[The task] Starting at the line that contains "Женский народный костюм, вышивка" and stopping at the line that contains "Moto Guzzi V85 TT 09", restate each line of the records below exactly. Omit the pictures.
--- Data to process Enclosed Below ---
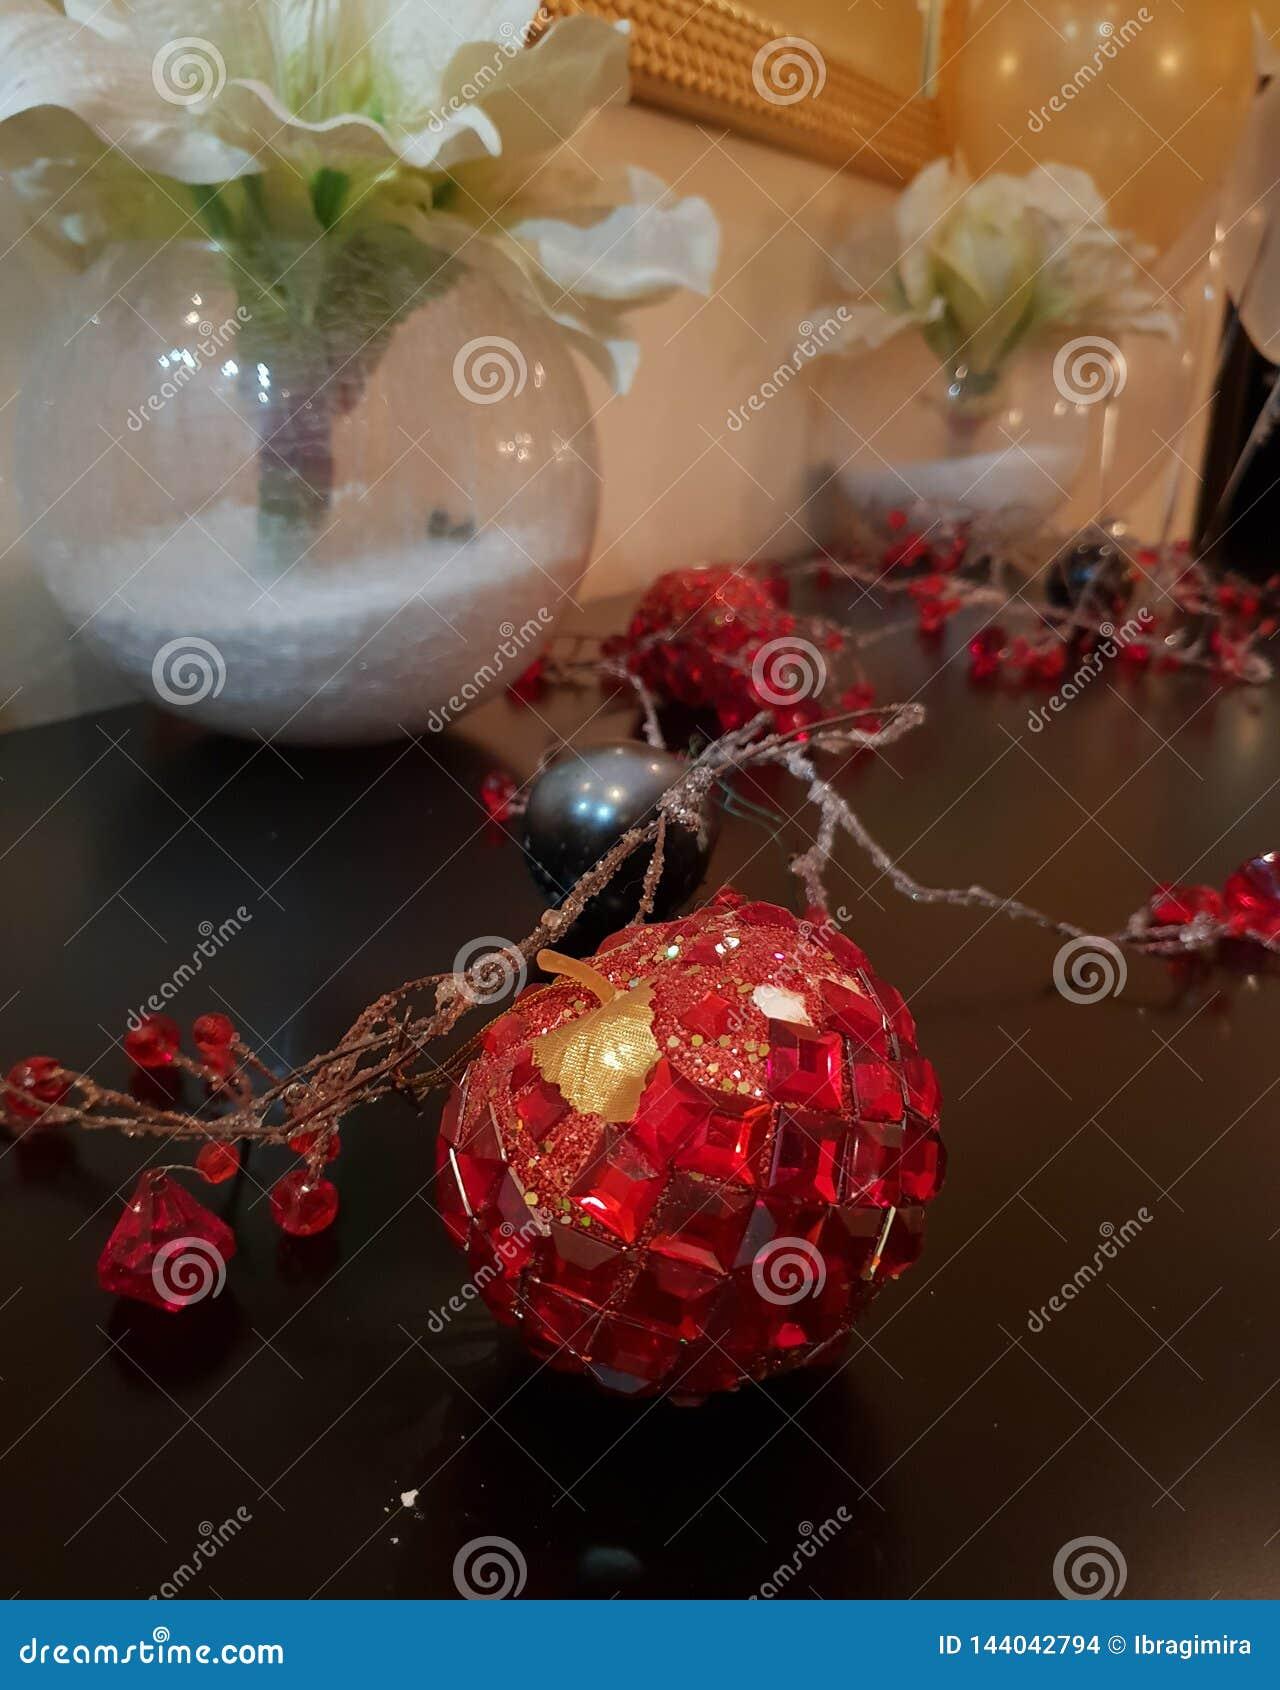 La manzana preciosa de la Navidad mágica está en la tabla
--- End of Enclosed Data to process ---
--- Data to process Enclosed Below ---
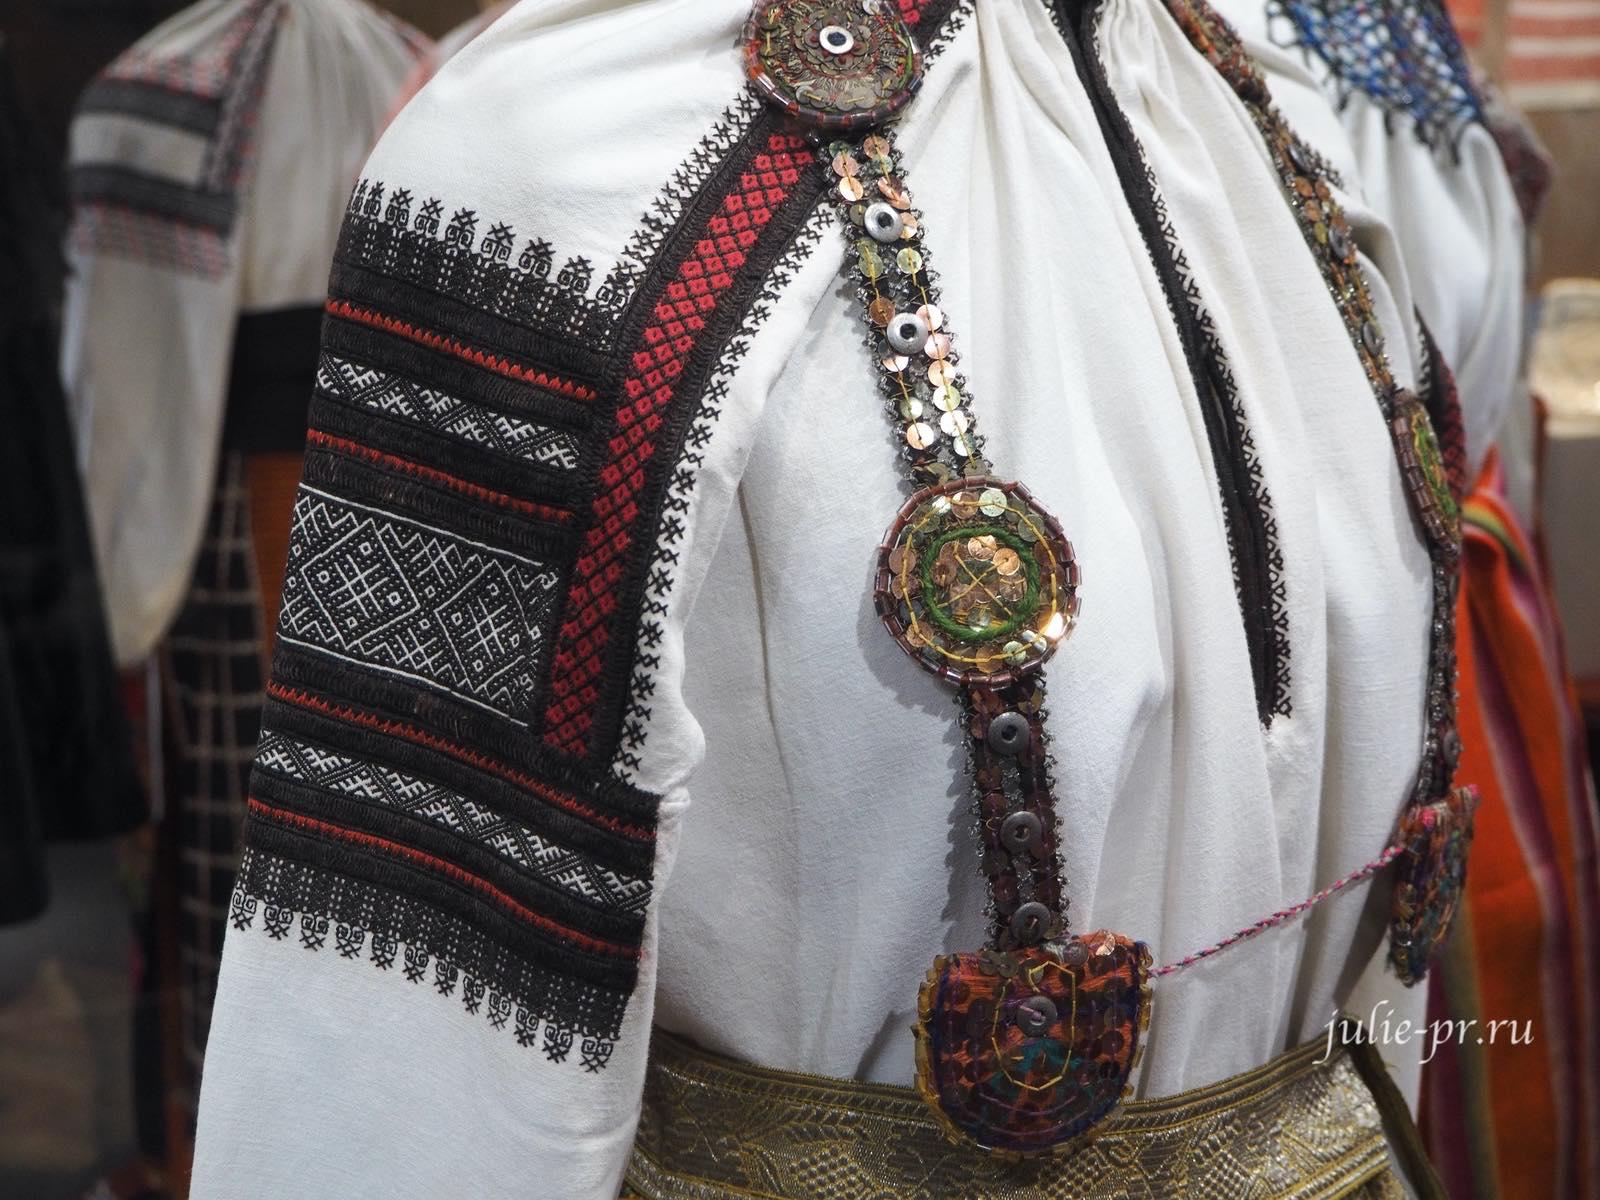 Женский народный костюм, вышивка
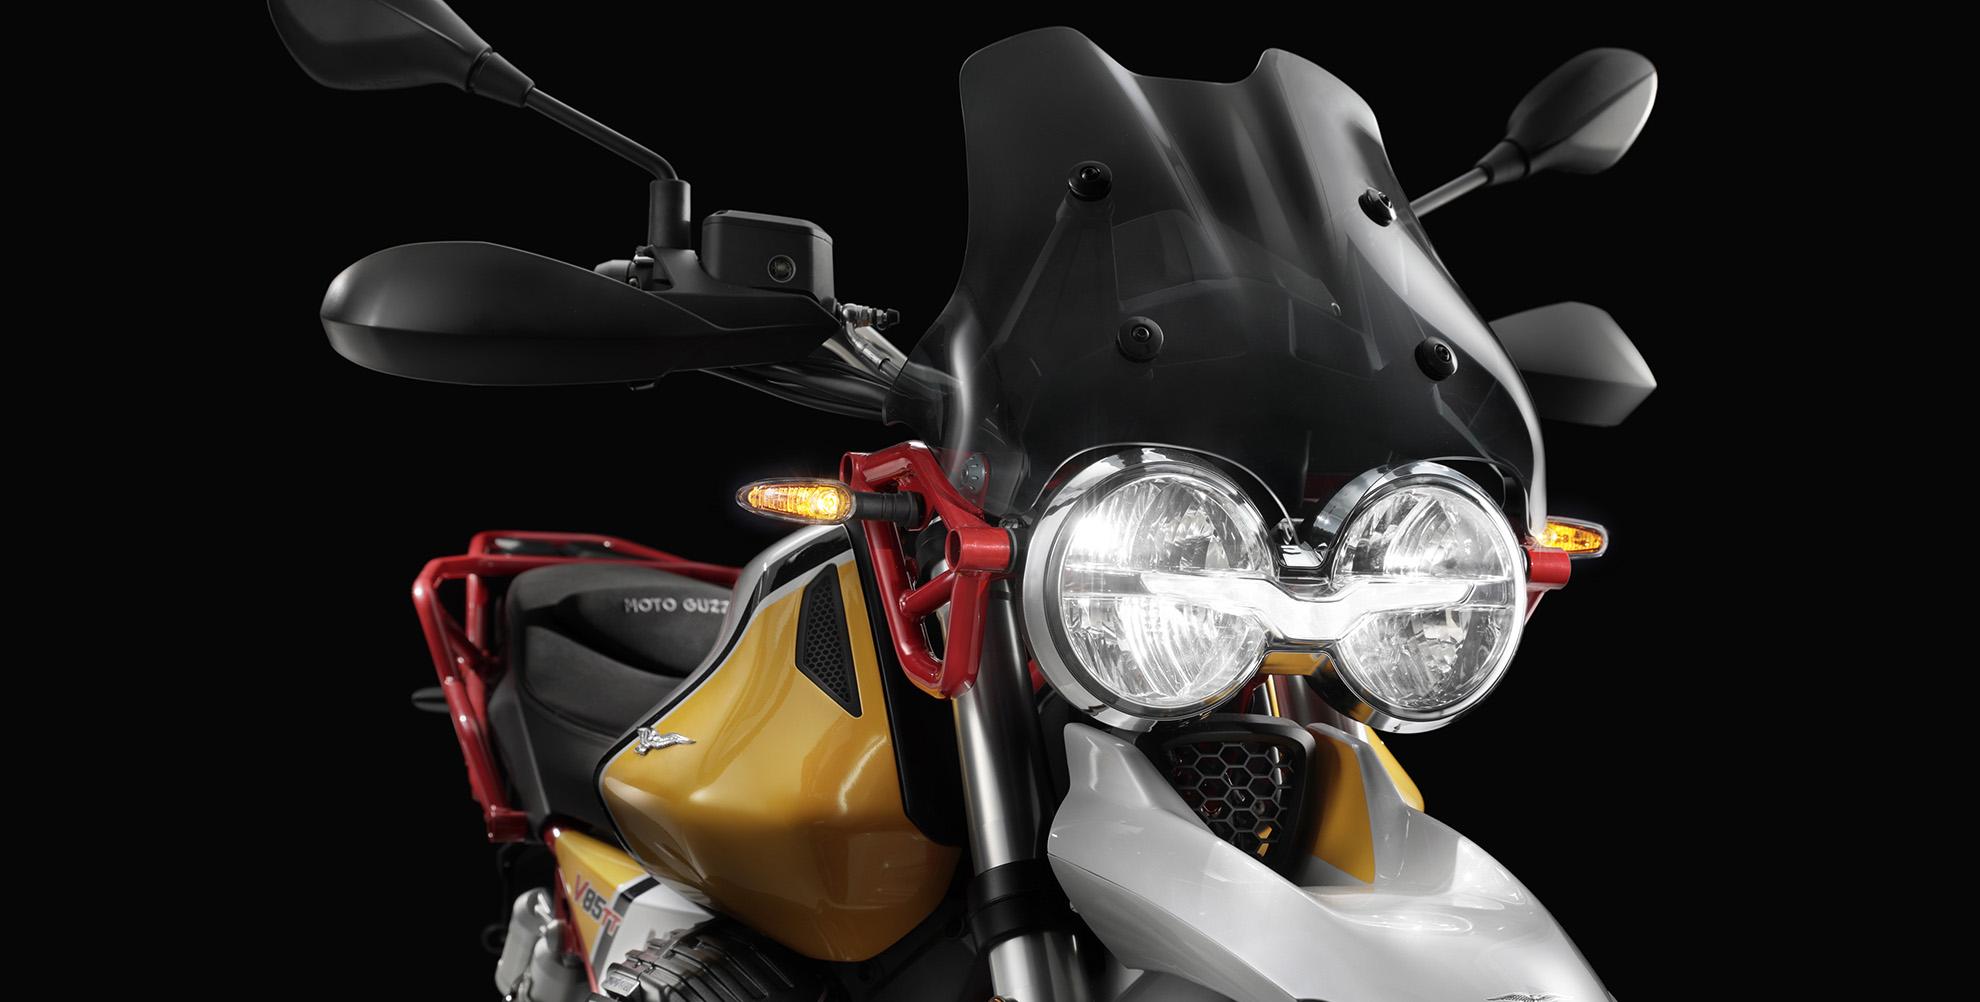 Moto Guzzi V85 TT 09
--- End of Enclosed Data to process ---
[Response to this exercise]
 Женский народный костюм, вышивка
 Moto Guzzi V85 TT 09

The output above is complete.